What to do though, confide in someone? Would they even understand? Perhaps they would, or maybe they would simply say for him to stop being such a weakling, and tell this person where to get off. So to gain some sort of inspiration, rather like a sportsperson using music to inspire and motivate them, he found himself in the magazine section of a newsagents, reading about martial arts and weightlifting. He knew there was a boxing gym around the corner, and decided to go around there to look at the times and prices, but found the shutters were down above the sign ‘Jim’s gym’.

Still, suitably motivated. He was going to give his cyberbully a piece of his mind. He was going to tell him he’s picked the wrong victim. He was not to be trifled with.

However, on the journey home, any confidence given by the masculinity he’d absorbed, soon ebbed away, only to be replaced by the fear, and he decided against saying anything.

The following day, having decided his email wasn’t really worth checking after all, a text message told him he didn’t need to.

‘Oi fucko’ it said ‘If you even think about telling anyone, I will carve you up, and I told you I know where you live. Could you give me directions? I’m currently by the water feature in the city centre’.

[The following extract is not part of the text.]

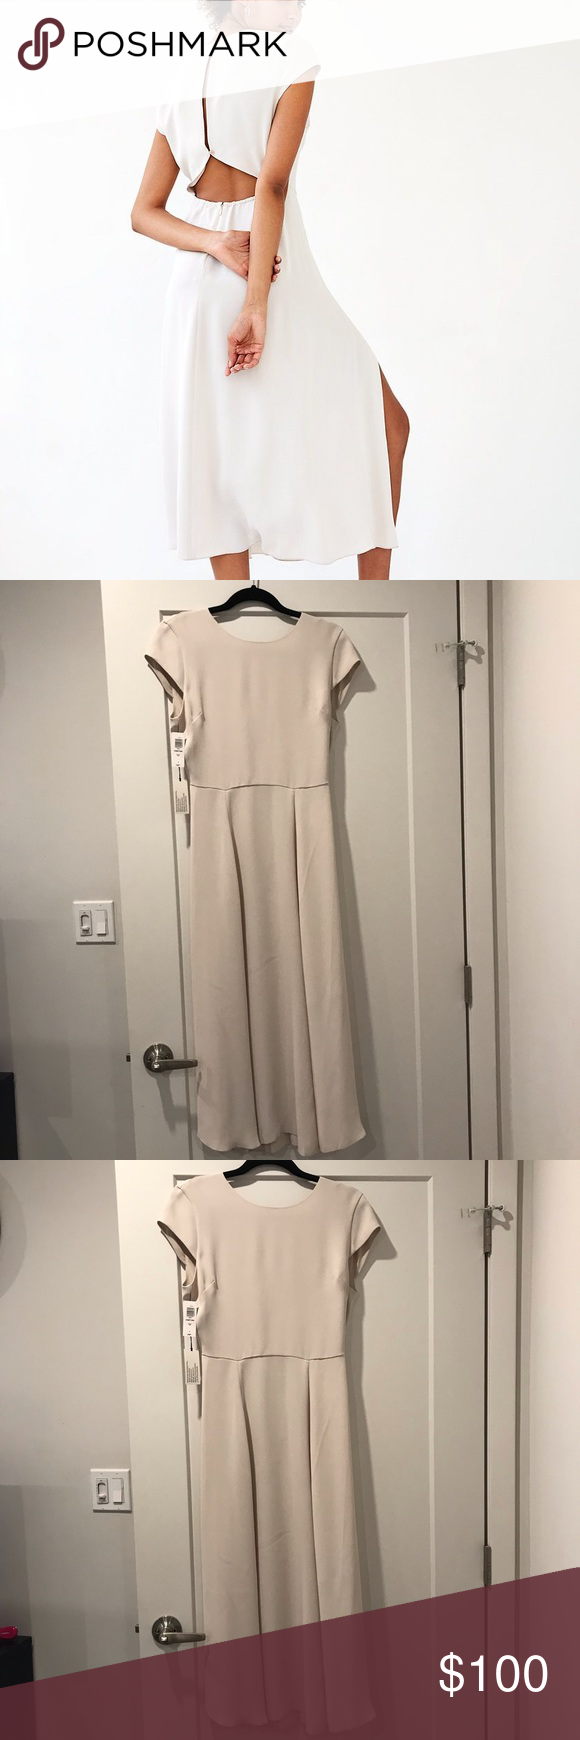 12+ Babaton slit slip dress ideas in 2021

Below it was a picture of the central fountain two miles away. It didn’t look like a professional photograph, more like it was taken on a mobile phone.

Now what? he thought, he’s here, he’s on his way.

Leaning against a post-box for support, fear surged through his veins. Nobody looked at him, and he turned and made his way home. Normally he would have hopped on the bus for the two stops it took, but he chose to walk instead, and took ten minutes thinking of nothing else as he entered his apartment.

When he closed the door behind him, he received another text. He wasn’t sure about answering it at first, but he knew he had to.

‘Nearly there. They’re good these phone tracking apps aren’t they? Lead me right to you. Not too far now. I need to find a diy shop, where they sell hammers’ Below it was a picture of a nearby roundabout with beds of colourful flowers around its edge. That was around the corner.

Terence rushed into the kitchen and picked up a small knife. He went into the bedroom and cowered down at the side of the bed, more to hide, and to cry, because tears flowed down his face.

A few minutes later, another text came through and he reluctantly opened it.

‘Knock knock fucko’, was all it said, and the picture below was of his apartment.

Suddenly there came a loud bang on the door, as though the place was being raided by police.

For a few moments he wondered if he should use the knife on himself, but decided against it. Another bang, followed by another which sent the door crashing back.

They came in. The bedroom door was closed, and the footsteps were loud and heavy.

"Where are you you little queer? I’m gonna put this fucking hammer in your stupid head, now come out and face me". Terence’s heart was threatening to burst, banging against his chest. The bedroom door was kicked open, and there he stood, the troll.

If the light had been different, or he’d been seen through certain lenses, he could have been mistaken for an actual troll, as he had a rather large beer belly, and legs that tapered down to size five feet. He wore a white T-shirt, with a face mask of a yellow, smiley face. He hefted the sledgehammer as though he wanted other things to break.

Terence looked at him through tears caused by absolute fear. The man lifted up his mask.

"Only me, your old Dad" he said. "I was just playing around. Didn’t take it seriously did you? I finally got out of jail". He dropped the hammer and walked across where Terence stood up, dropped the knife, and hugged him.